Newly identified compound binds to Shiga toxin to reduce its toxicity

A strain of E. coli bacteria called enterohemorrhagic E. coli (EHEC) is known to cause several gastrointestinal disorders, which include bloody diarrhea and abdominal cramps, by damaging the intestinal lining. When accompanied with fatal systemic complications, it can even cause acute renal failure in children. The EHEC exerts these deadly effects by producing the Shiga toxin (Stx), of which the Stx2a subtype is particularly virulent and deadly.

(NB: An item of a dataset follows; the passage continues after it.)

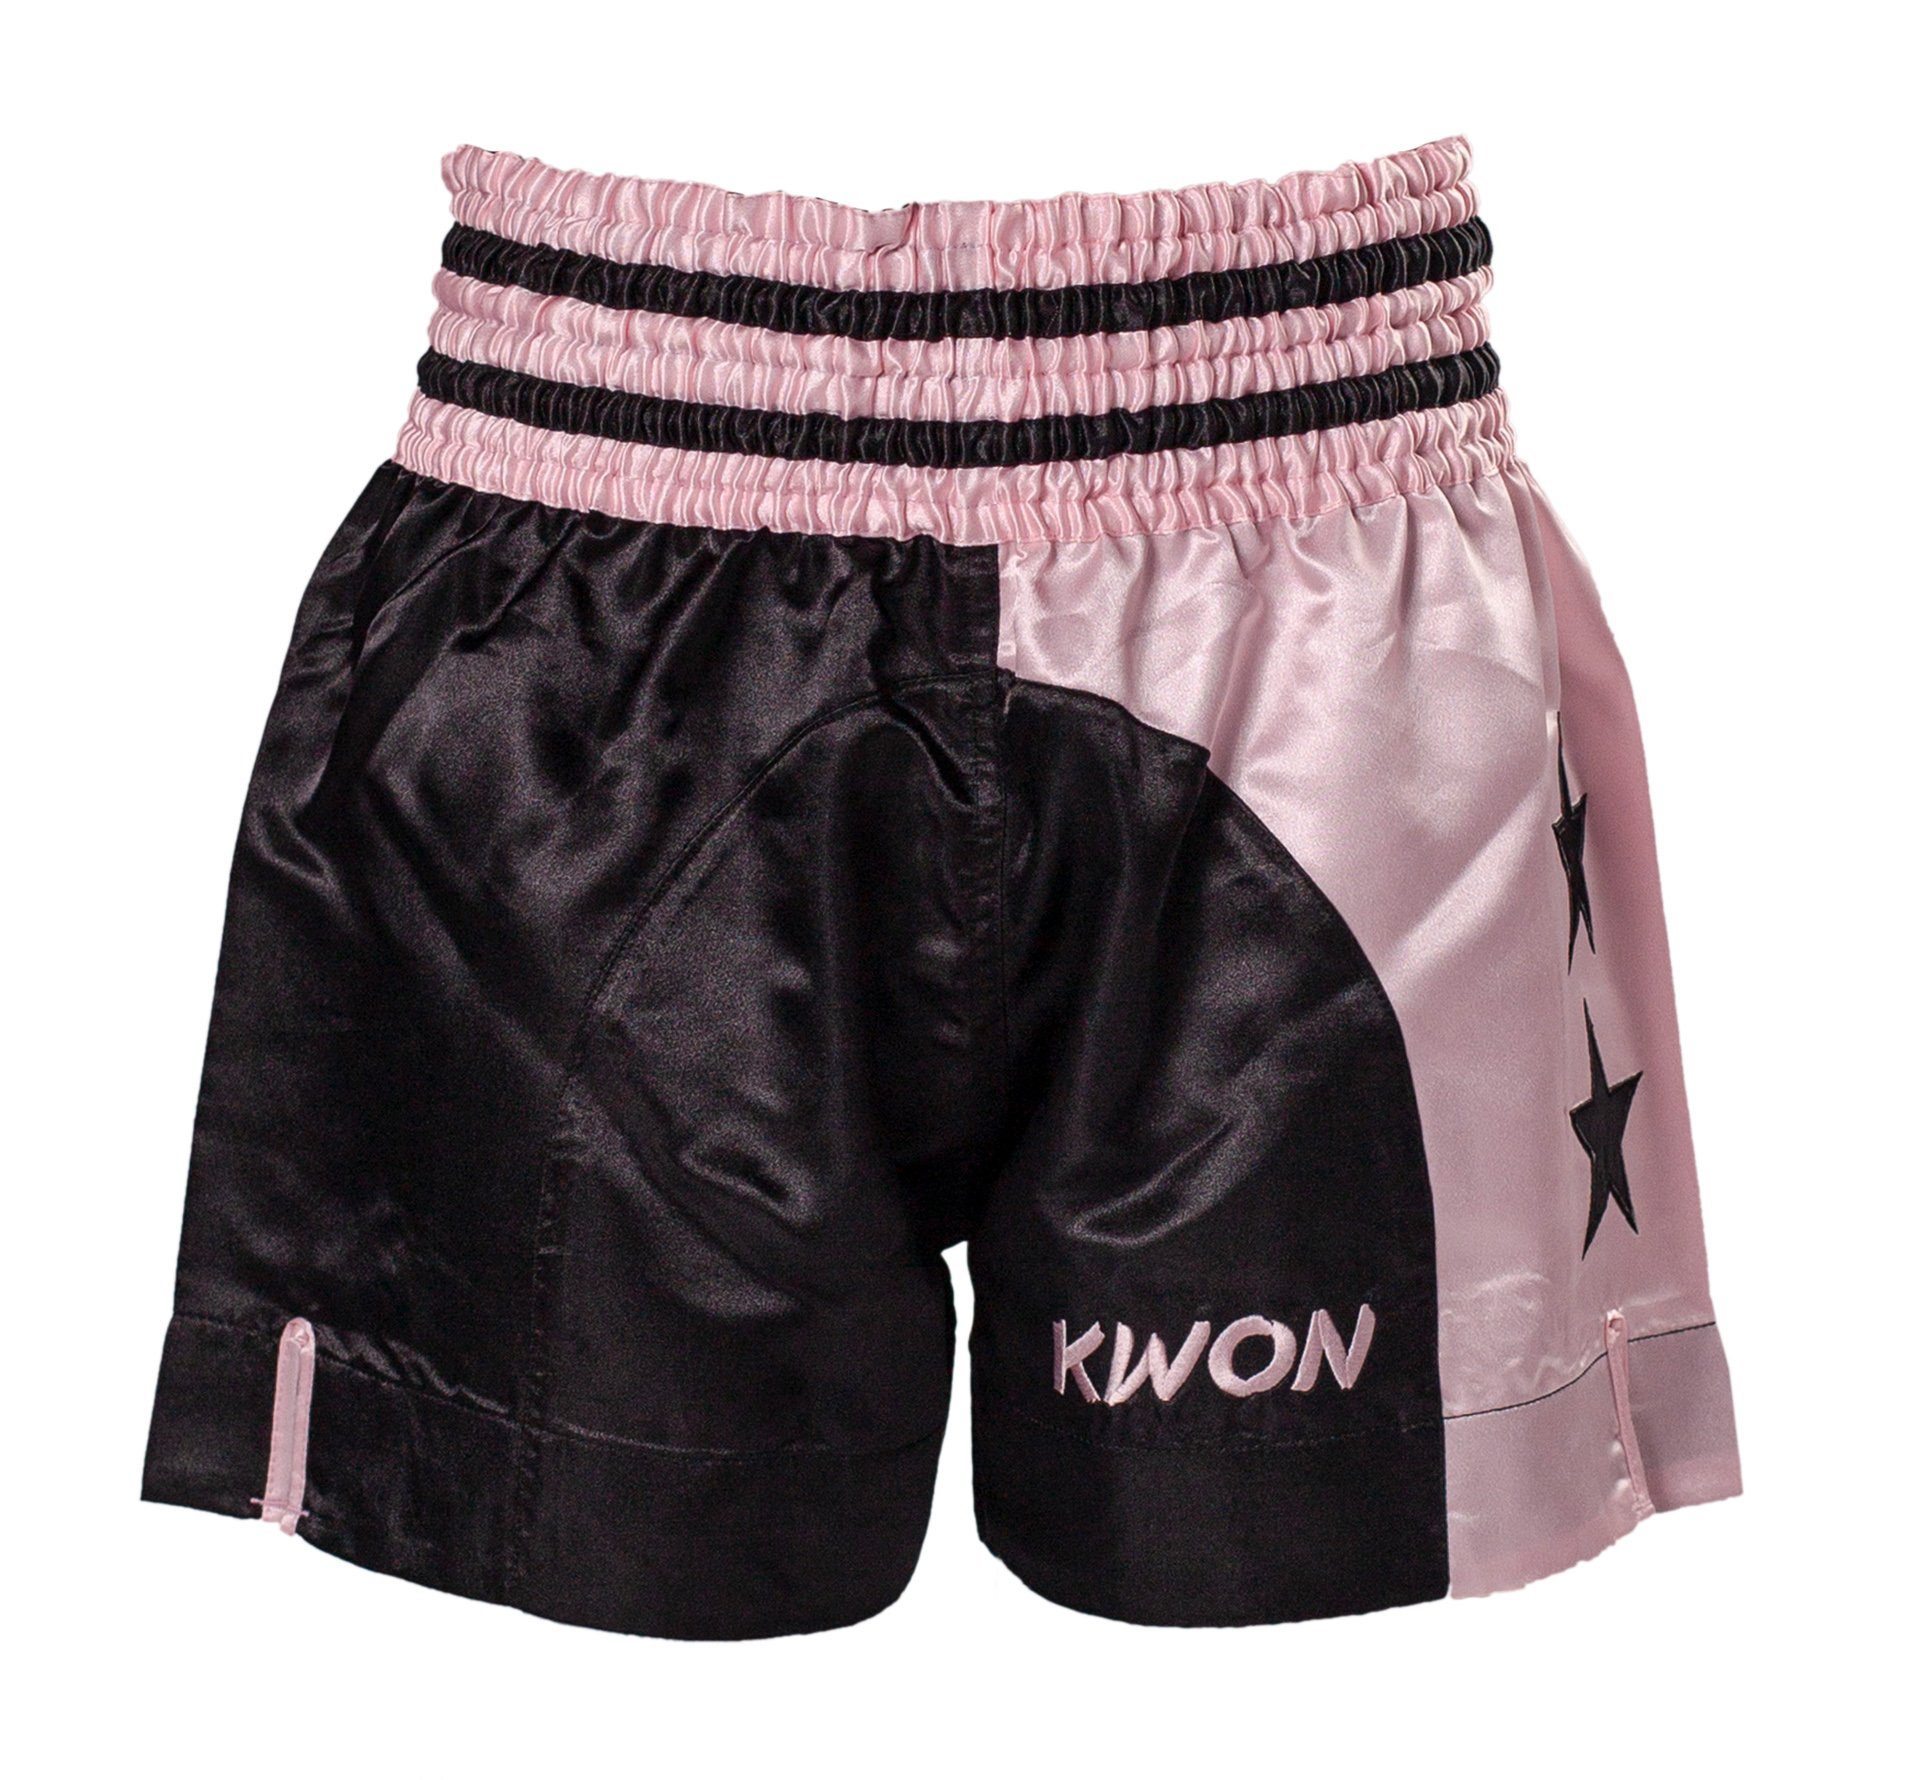 KWON Sporthose Thaiboxhose Damen Muay Thai Box Шорти Kickboxhose kurz pink rosa MMA (Edler Look) traditioneller Schnitt, Sterne

Compounds that can inhibit these toxins are, therefore, desirable as potential therapeutics against EHEC infections.

To this end, a group of scientists from Japan led by Professor Kiyotaka Nishikawa from Doshisha University has recently discovered a molecule that inhibits Stx2a toxicity by binding to its "A-subunit"—the part of the toxin responsible for its lethality.

"The catalytic A-subunit of Stx2a toxin inhibits protein synthesis and its inhibition could be crucial for slowing EHEC pathogenesis," says Prof. Nishikawa, explaining their motivation behind the study, which was published in Scientific Reports. The same group had earlier developed an inhibitory molecule that can bind to the B-subunit of Shiga toxin and reduce its toxicity.

Professor Nishikawa and his colleagues, including Assistant Professor Miho Watanabe-Takahashi of Doshisha University, Dr. Miki Senda and Dr. Toshiya Senda of the Institute of Materials Structure Science at High Energy Accelerator Research Organization (KEK), and Dr. Kentaro Shimizu of the University of Tokyo, among others, identified the potent compound from a database with over 7,400,000 molecules.

To do this, the researchers had to first identify the basic 3D arrangement of molecules (the peptide motif) that can occupy the catalytic cavity in the A-subunit. In a stroke of luck, they stumbled upon a synthetic molecule with a high affinity for A-subunit. This molecule, a peptide called "MMβA-mono," helped identify the compound that could bind to the A-subunit of Shiga toxin by serving as a template.

The researchers next outlined the molecular and electronic structure that a possible inhibitory compound must have using structural analysis and X-ray crystallography. These features of a potential inhibitor, known as a "pharmacophore," was then confirmed using molecular dynamics simulations.

Finally, they screened a chemical database for compounds that resembled the pharmacophore and identified nine candidates using docking simulations. Of these, a compound identified as "compound #6" showed effective binding to the A-subunit of Stx2a.

Further, in vitro cytotoxicity assays using Vero cells showed that compound #6 significantly reduced the destruction of cells caused by Stx2a. Additionally, mice models treated with a lethal dose of Stx2a and compound #6 survived longer than those injected with only Stx2a.

Prof. Nishikawa is optimistic about the future applications of this study. On being asked how the compound might work in the infected cells, he explains, "The hydrophobicity of compound #6 may facilitate penetration through the cell envelope, allowing it to inhibit the toxin present in the cells. We believe that it holds promise as a novel therapeutic agent for treating EHEC infections."

The team has even suggested that their studied pharmacophore could help design more inhibitors for similar toxins, such as the bioterrorism agent ricin, whose catalytic region has a structure similar to that of Stx.